Ireland still faces a mountain to climb to achieve its key goal of reducing its annual deficits back below 3 per cent of gross domestic product, the limit supposed to be observed by all 17 nations using the euro currency.

Ireland recorded a European Union record deficit of 32 per cent in 2010, the year that the bill for sustaining the country's six domestic banks grew so large that Ireland's own credit ratings crumbled

But since coming to power in early 2011, Kenny's government has reformed banking regulation, negotiated with the European Union to spread out bank-debt repayments over several decades, and imposed tens of billions in annual cuts and new taxes targeting every sector of society.

As part of its reform agenda, EU and IMF chiefs ordered Ireland to impose new charges and limits on the state old-age pension system, on welfare pay for the young, and to introduce a new property tax in line with international practice. A much-debated water tax is still in the pipeline for next year.

Ireland's major economic think-tank , the Economic and Social Research Institute, estimated in a report this week that five straight years of cuts dating to the early days of the 2008 banking crisis have pruned most workers' take-home pay by about 12 per cent, while those best off have lost more than 15 per cent of their incomes.

Ireland's deficits have marched steadily downward from 8.2 per cent last year to an expected 7.3 per cent this year. Finance Minister Michael Noonan says Ireland hopes to post a 4.8 per cent deficit in 2014, then 2.9 per cent in 2015. But he said Ireland would keep pruning to get its later deficits down to the eurozone's future rule of below 0.5 per cent of GDP.

"This isn't the end of the road," Noonan said of the bailout exit. "This is a very significant milestone on the road, and it gives us an opportunity to pause and reflect for a very short period.

"But we must continue with the same types of policies, because the deficit is too high," Noonan told a Dublin press conference. "It has to be brought down below 3 per cent, and then it has to be brought into balance in subsequent years. The debt is too high and we have to have strategies to make the debt even more sustainable than it is now."

Ireland's national debt is projected to reach 206 billion euros this year, representing 124 per cent of annual GDP. Ireland hopes to reduce that debt-to-GDP ratio, a key measure of a country's ability to pay its bills, in 2014 by growing the size of its economy 2 per cent.

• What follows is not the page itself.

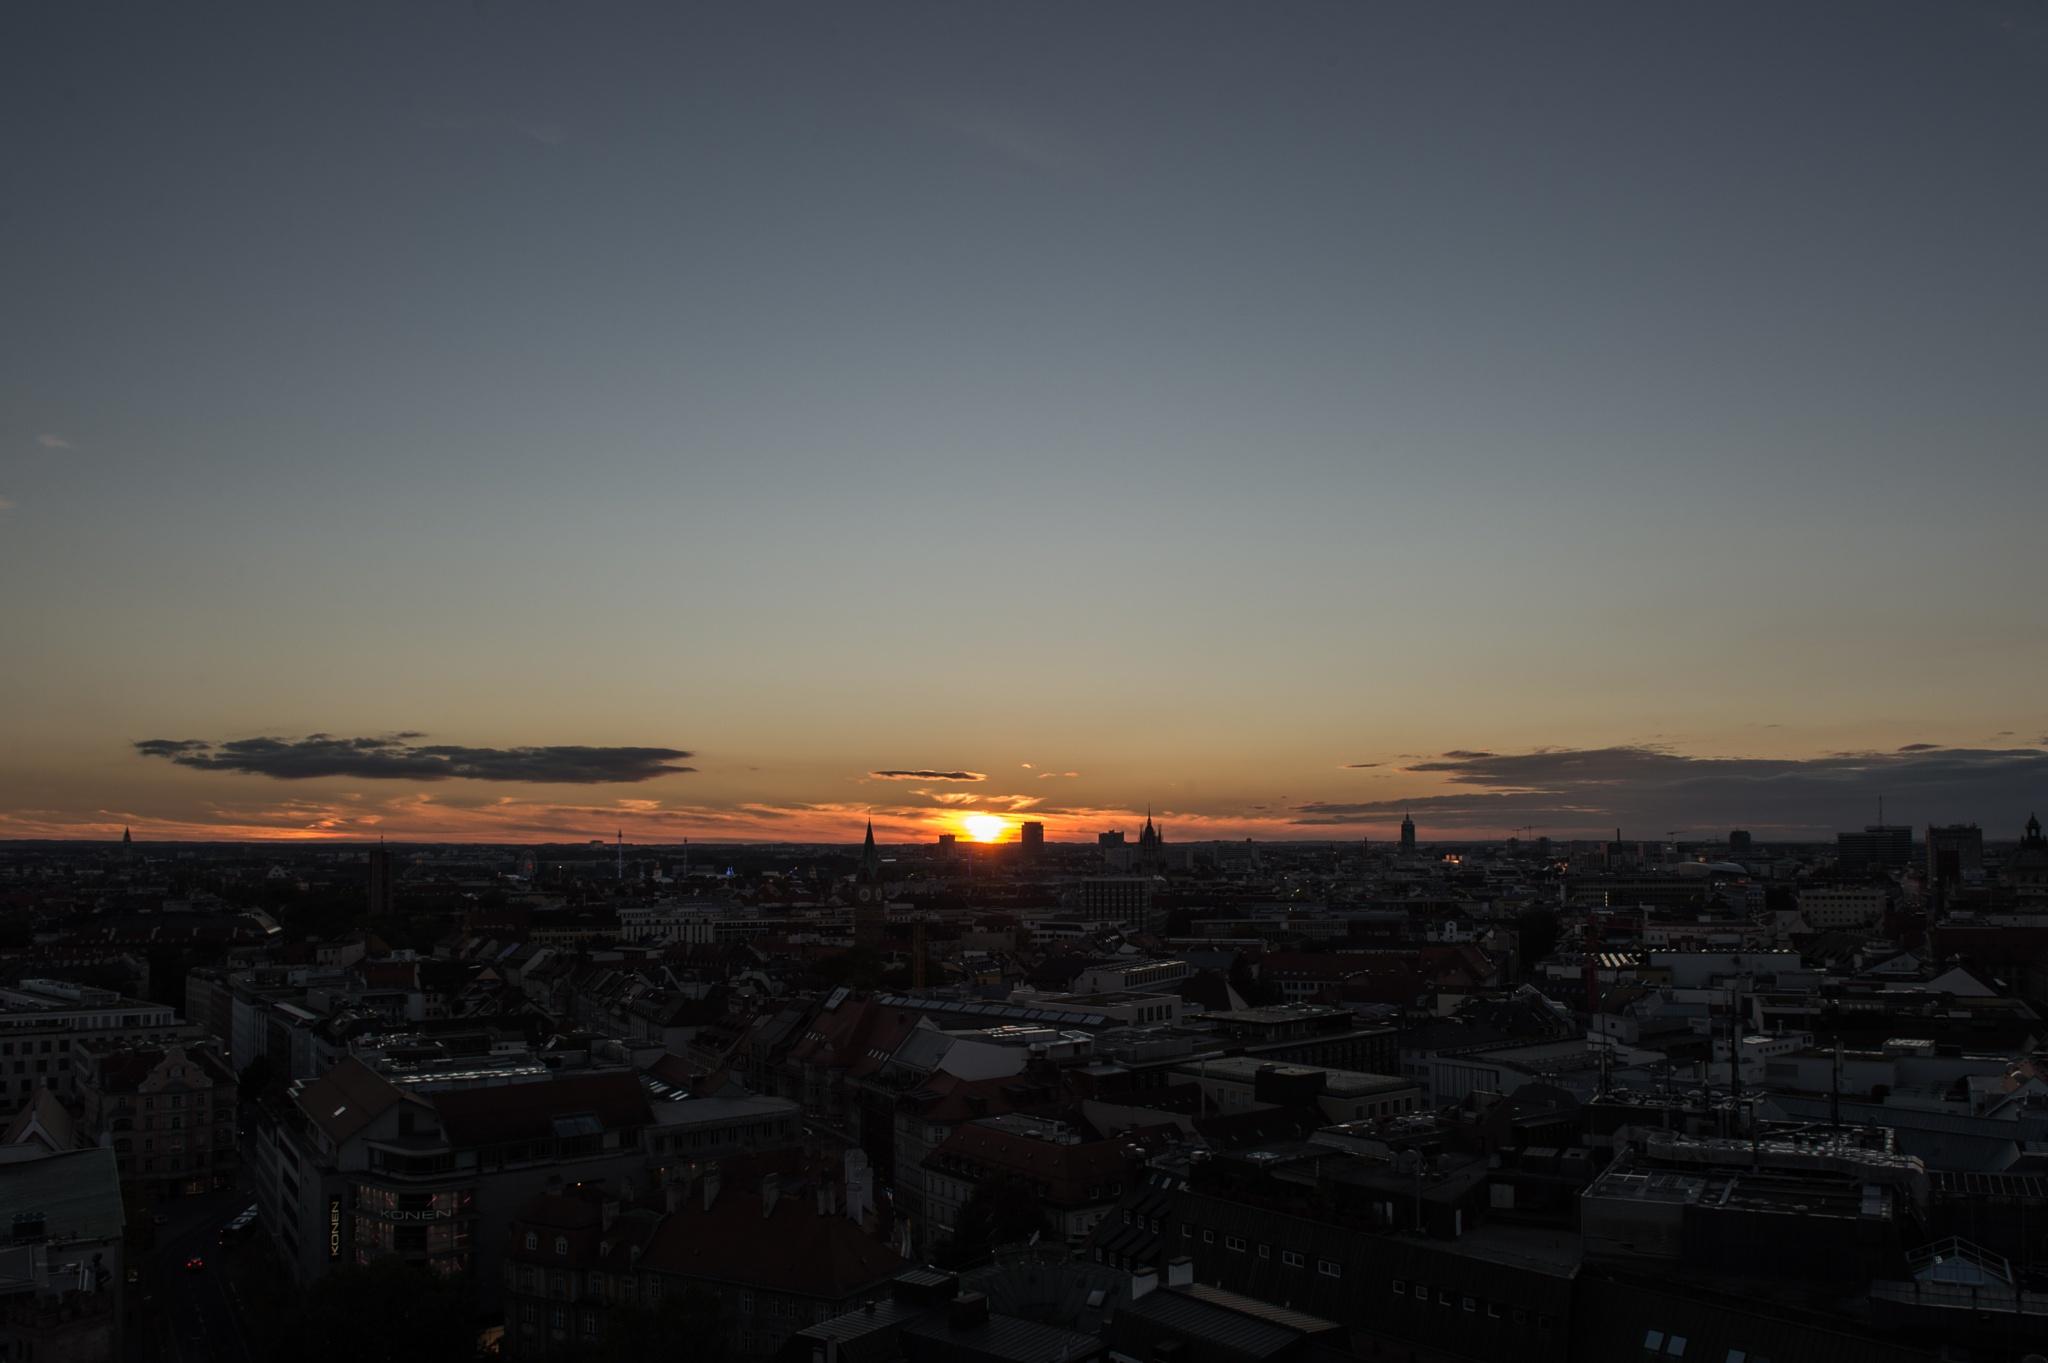 Sunset by Kai Kim

Such predictions are particularly difficult for Ireland because its growth prospects are dictated by demand from its two chief trading partners, the United States and Britain. Nearly 1,000 export-focused multinational companies based in Ireland account for around a fifth of the country's entire GDP. Those companies increasingly are hiring again, and Ireland's unemployment rate has declined from a two-decade high of 15.1 per cent to today's rate of 12.5 per cent.

Noonan said Ireland must pursue around 2.5 billion euros ($3.4 billion) in cuts next year and more of the same in 2015. However, it might ease income-tax bands, particularly for single workers, who are taxed at a rate of 41 per cent on income over 32,800 ($45,000).